CHARLOTTE (June 30, 2022) – Central Piedmont Community College offers training in more than 20 health-care fields.
There’s Nursing, of course, and nurses are in great demand.
But Karen Summers, Dean of Health Sciences at Central Piedmont, says many students simply aren’t aware of all the other opportunities in health care.
“If they’ve never really been sick, then they know a nurse and a physician. And they don’t know what a respiratory therapist does, what an occupational therapist does, what a physical therapist does, what a massage therapist does,” Summers says in the accompanying video.
“We hope we have something for everybody.”
Summers lists some of those professions, including Dental Assisting and Dental Hygiene – she notes that dental hygienists make even more than nurses, with a two-year degree.
Some students aren’t comfortable working with blood or other body fluids, Summers says. So Central Piedmont’s Cardiovascular Technology program has both an invasive track that involves working in a cardiac catheterization lab and inserting stents; and a non-invasive track that involves administering stress tests and EKGs.

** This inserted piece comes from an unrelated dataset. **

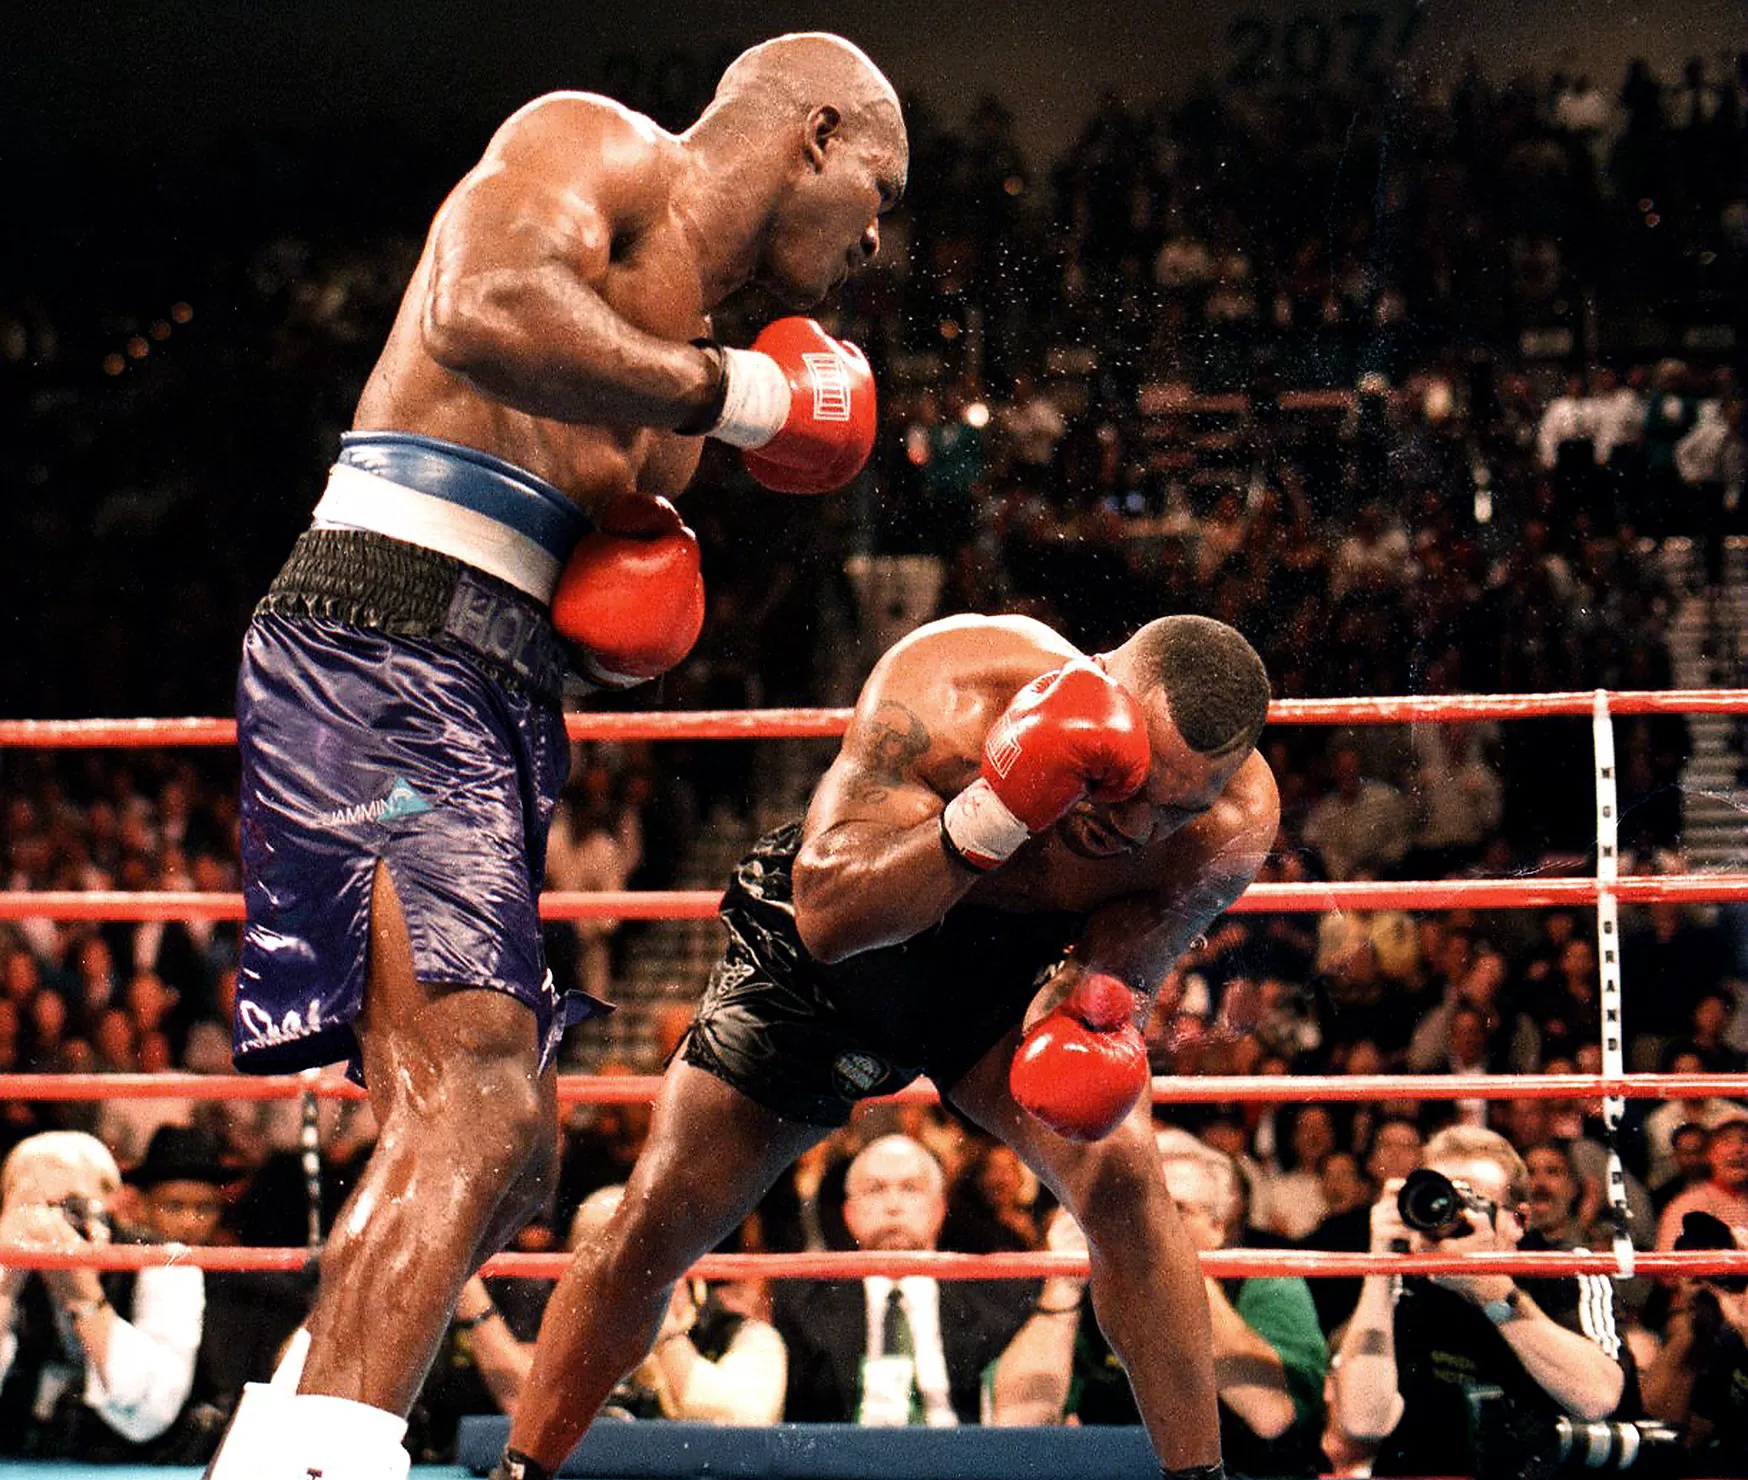 Holyfield vs Tyson I: "The Real Deal" Humbles "Iron Mike"

Central Piedmont offers a Surgical Technology program, Summers says, where instructors tell students: “That’s (the) closest you’re gonna get to being a surgeon without being a surgeon, standing in the OR, assisting the surgeon.”
The college is also considering a program in Sterile Processing that would serve as an entry to surgical technology.
There’s also Medical Laboratory Technology, a two-year degree with possibilities for a 2+2 bachelor’s degree. Or Cytotechnology, where technicians study Pap smears for cancer.
”We’re the only community college in the country that offers that program – it’s a post-baccalaureate certificate,” Summers says. “In 11 months, our students take 57 credits, but they’re graduating and taking their biology degree where they couldn’t get a job and 11 months later, making $65,000, $75,000, going all over the country.”
There’s training for Medical Assistants, who work in doctor’s offices taking vital signs, removing sutures or delivering immunizations.
“That’s a profession that’s in very high demand and we can’t graduate ‘em fast enough,” Summers says.
Or there’s Opthalmic Medical Personnel, where students can earn an 11-month diploma or a two-year associate degree as they learn to check eyeglass prescriptions, set up exam rooms and conduct glaucoma pressure tests. The program has been well-received by Charlotte’s high concentration of ophthalmologists, Summers says.
“There’s over 250 allied health professions,” she says. “So we really have something for everybody – it’s kind of finding the right fit for our students.”